Image of a dendrite with spines expressing a red fluorescent protein together with a green tag for the protein Arc, obtained with two-photon microscopy in an awake mouse. Image courtesy of PILM/Sur Lab
[Source: Picower Institute for Learning and Memory, June 22, 2018]
Our brains are famously flexible, or “plastic,” because neurons can do new things by forging new or stronger connections with other neurons. But if some connections strengthen, neuroscientists have reasoned, neurons must compensate lest they become overwhelmed with input.

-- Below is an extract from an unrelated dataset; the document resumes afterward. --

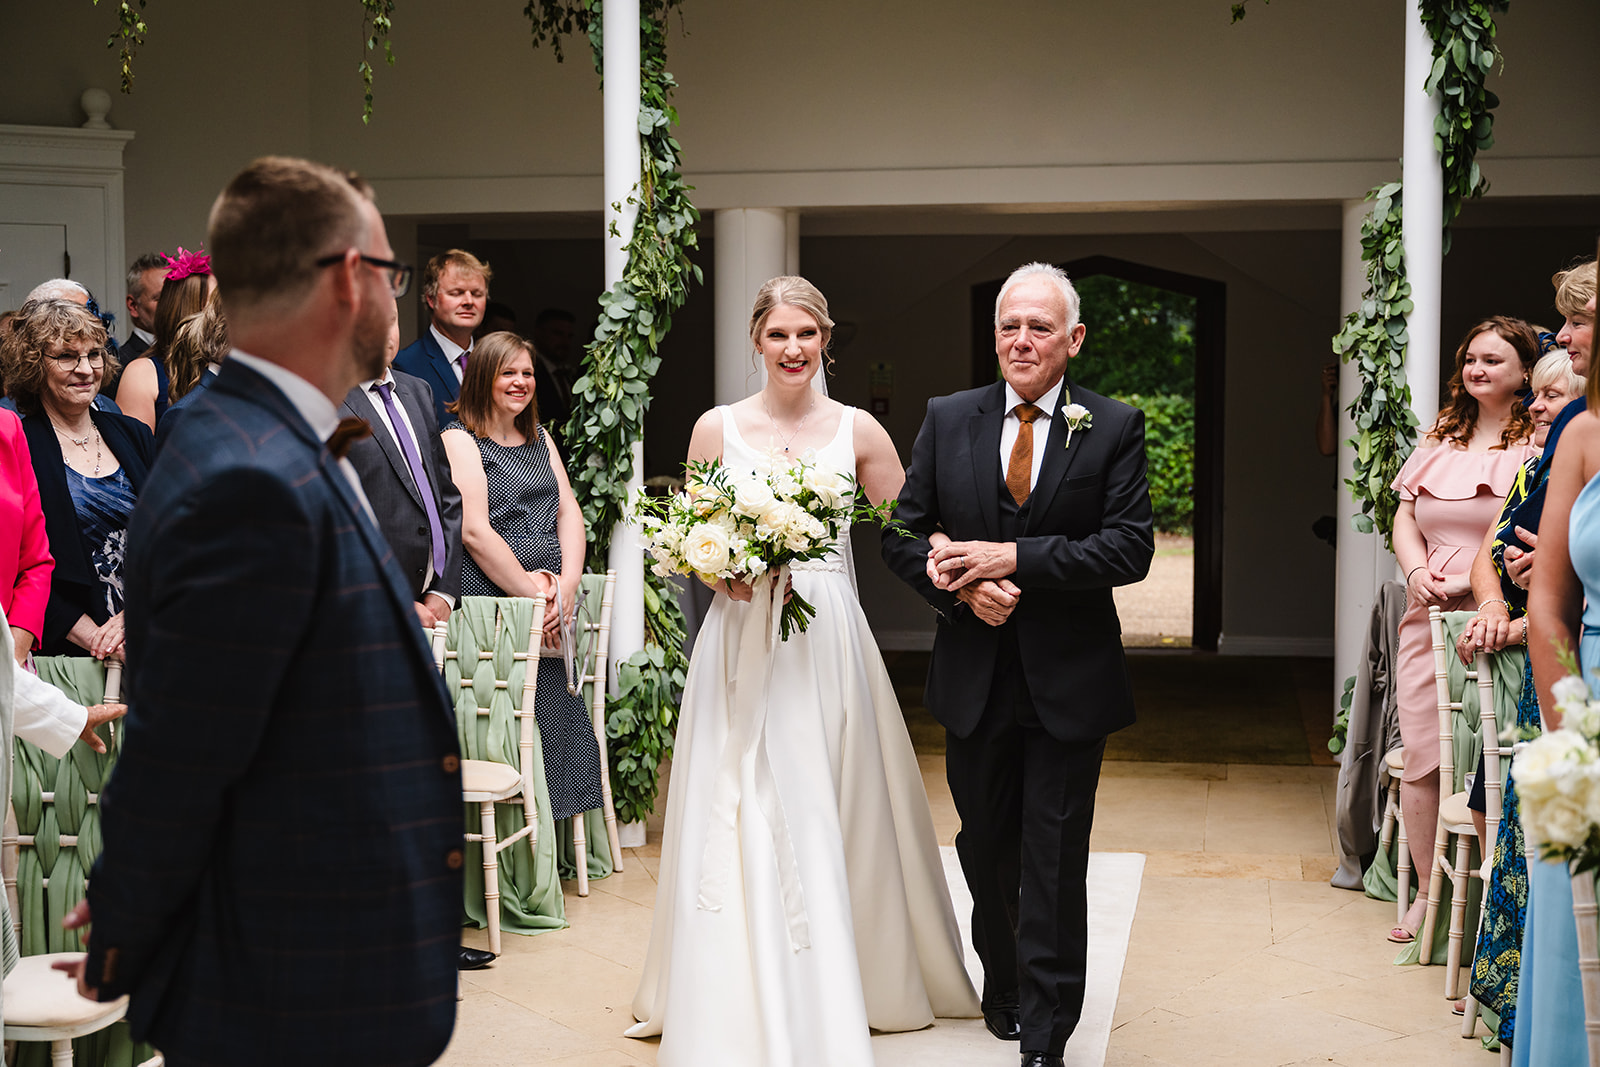 Bride and her father walking down the aisle at Stapleford Park by Amanda Forman Photography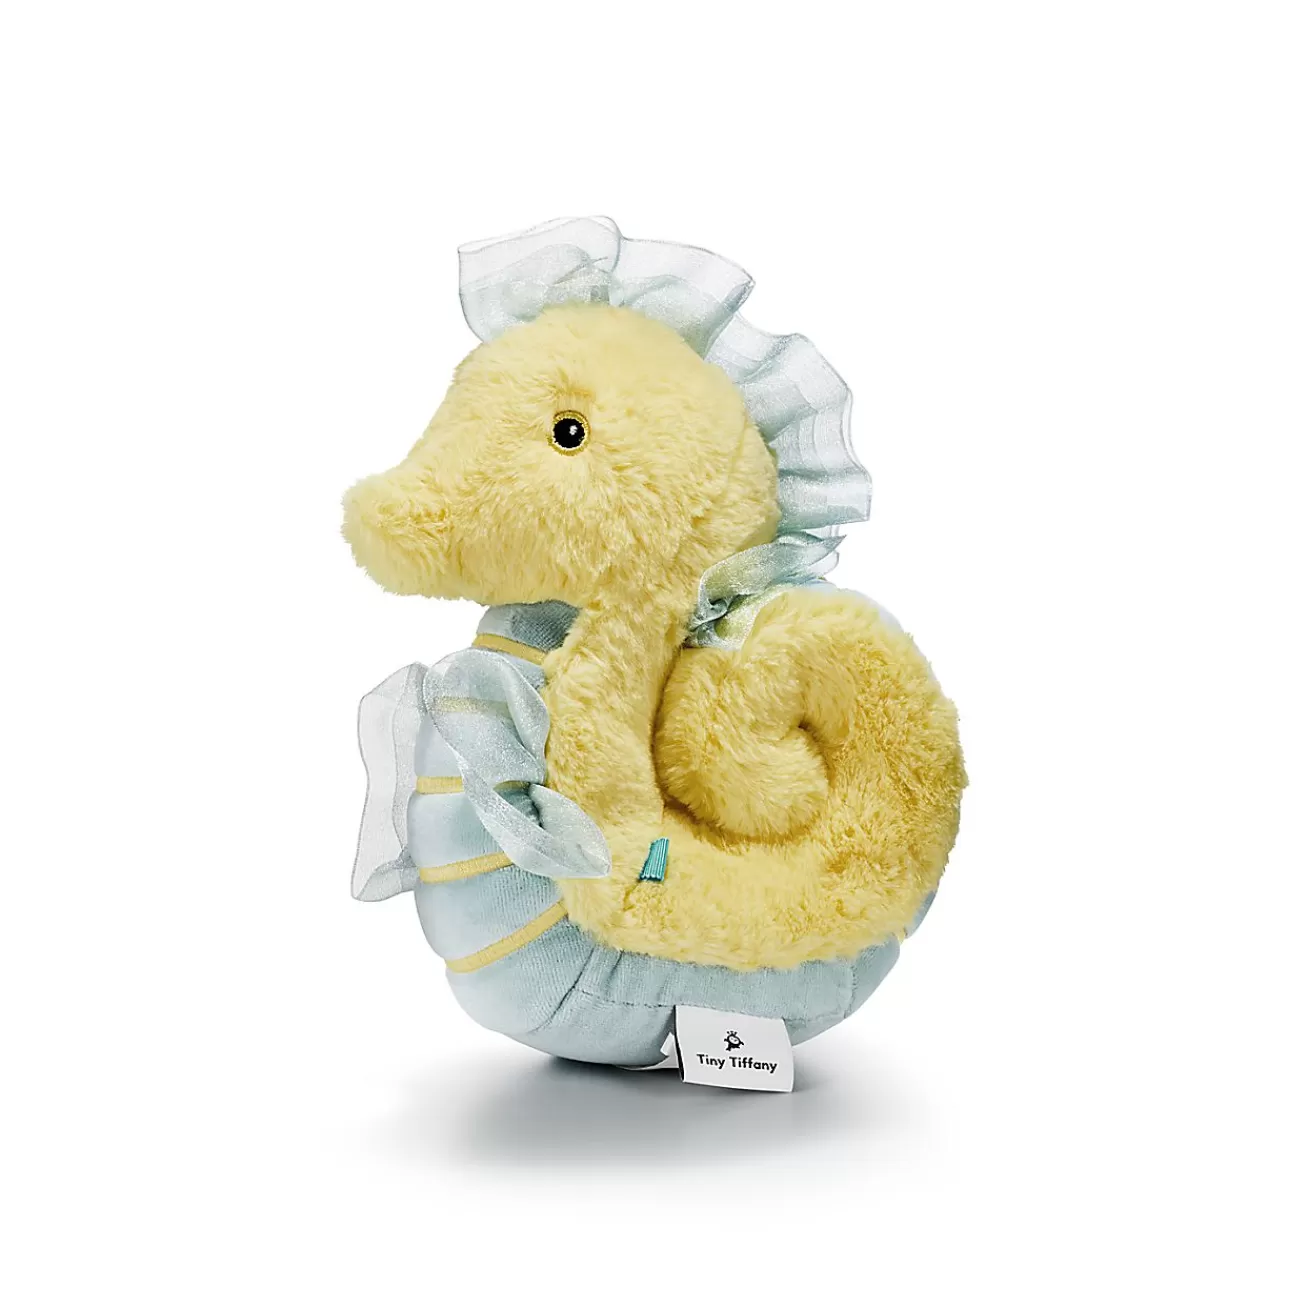 Tiffany & Co. Tiny Tiffany Seahorse Plush Toy in a Cotton Blend | ^ Baby | Baby

In a new study in Science, researchers at the Picower Institute for Learning and Memory at MIT demonstrate for the first time how this balance is struck: when one connection, called a synapse, strengthens, immediately neighboring synapses weaken based on the action of a crucial protein called Arc.
Senior author Mriganka Sur said he was excited but not surprised that his team discovered a simple, fundamental rule at the core of such a complex system as the brain, where 100 billion neurons each have thousands of ever-changing synapses. He likens it to how a massive school of fish can suddenly change direction, en masse, so long as the lead fish turns and every other fish obeys the simple rule of following the fish right in front of it.
“Collective behaviors of complex systems always have simple rules,” said Sur, Paul E. and Lilah Newton Professor of Neuroscience in the Picower Institute and the department of Brain and Cognitive Sciences at MIT. “When one synapse goes up, within 50 micrometers there is a decrease in the strength of other synapses using a well-defined molecular mechanism.”
This finding, he said, provides an explanation of how synaptic strengthening and weakening combine in neurons to produce plasticity.